Re: Perform streaming logical transactions by background workers and parallel apply - Mailing list pgsql-hackers

From Amit Kapila
Subject Re: Perform streaming logical transactions by background workers and parallel apply
Date
Msg-id CAA4eK1J2UAXsLTbSx1s407W9rHh2RdfF99atMr1khEHou6SgQw@mail.gmail.com
Whole thread Raw
In response to RE: Perform streaming logical transactions by background workers and parallel apply  ("houzj.fnst@fujitsu.com" <houzj.fnst@fujitsu.com>)
Responses RE: Perform streaming logical transactions by background workers and parallel apply
List pgsql-hackers
On Thu, Sep 1, 2022 at 4:53 PM houzj.fnst@fujitsu.com
<houzj.fnst@fujitsu.com> wrote:
>

Review of v27-0001*:
================
1. I feel the usage of in_remote_transaction and in_use flags is
slightly complex.
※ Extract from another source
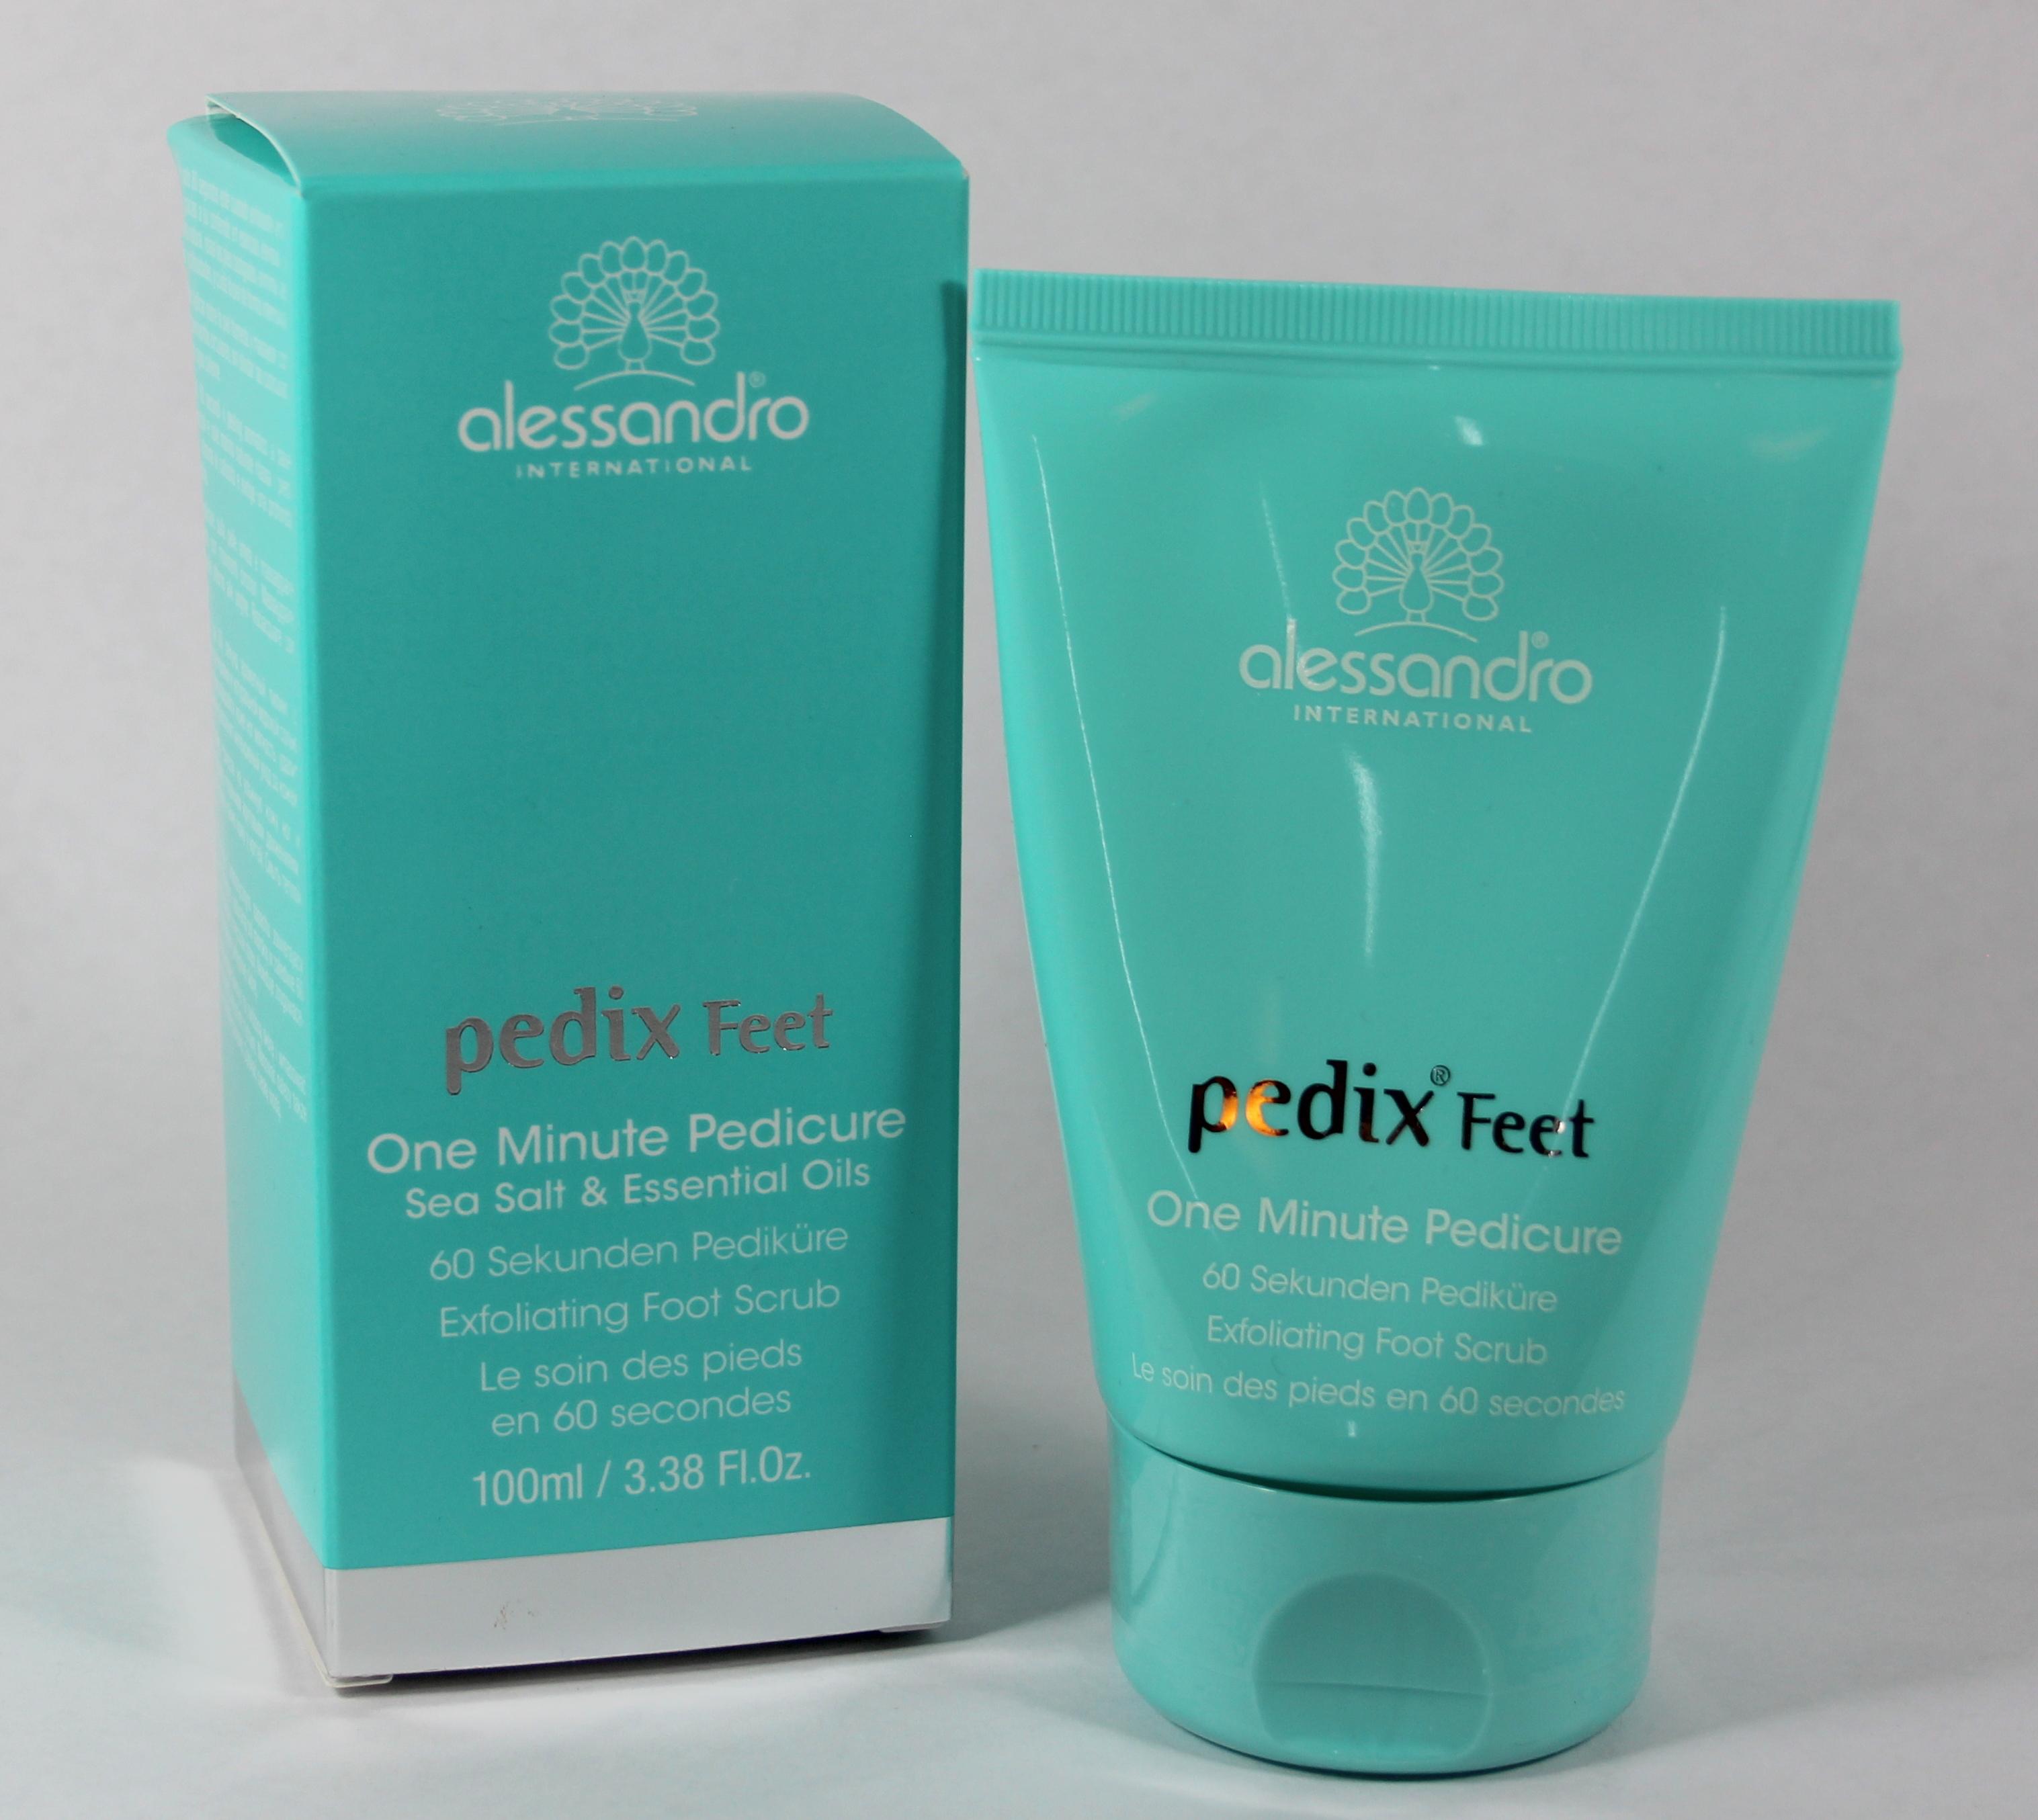 Pedix Feet One Minute Pedicure Exfoliating Foot Scrub
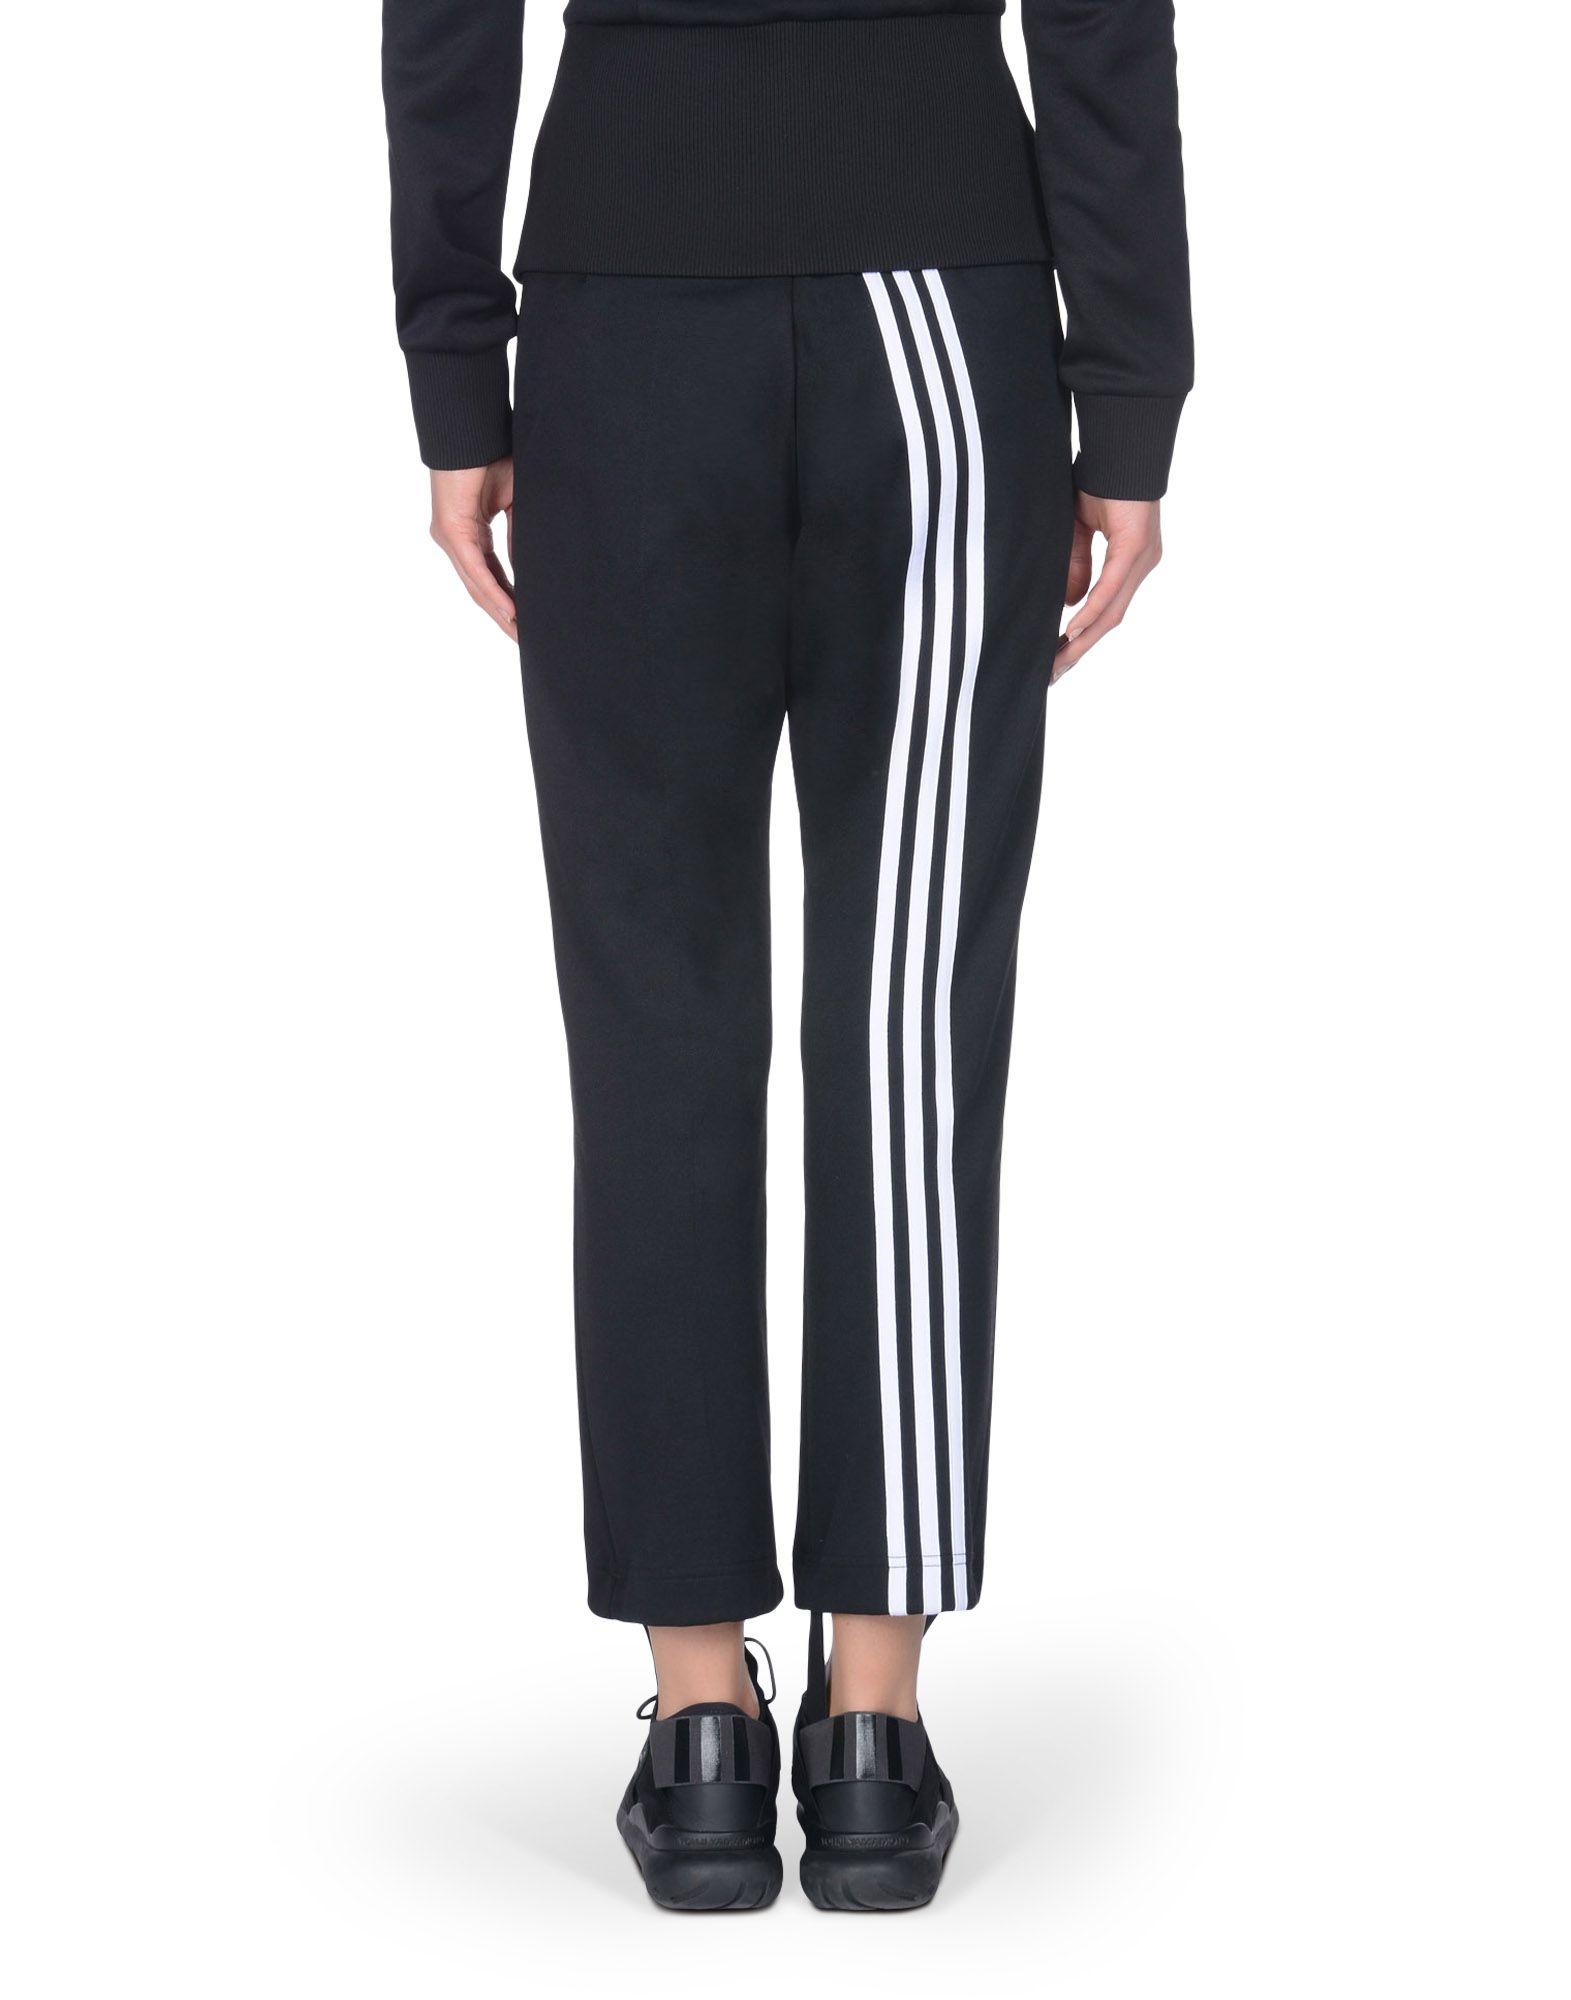 adidas tight pants womens

IIUC, the patch uses in_use flag to ensure commit
ordering by waiting for it to become false before proceeding in
transaction finish commands in leader apply worker. If so, I think it
is better to name it in_parallel_apply_xact and set it to true only
when we start applying xact in parallel apply worker and set it to
false when we finish the xact in parallel apply worker. It can be
initialized to false while setting up DSM. Also, accordingly change
the function parallel_apply_wait_for_free() to
parallel_apply_wait_for_xact_finish and parallel_apply_set_idle to
parallel_apply_set_xact_finish. We can change the name of the
in_remote_transaction flag to in_use.

Please explain about these flags in the struct where they are declared.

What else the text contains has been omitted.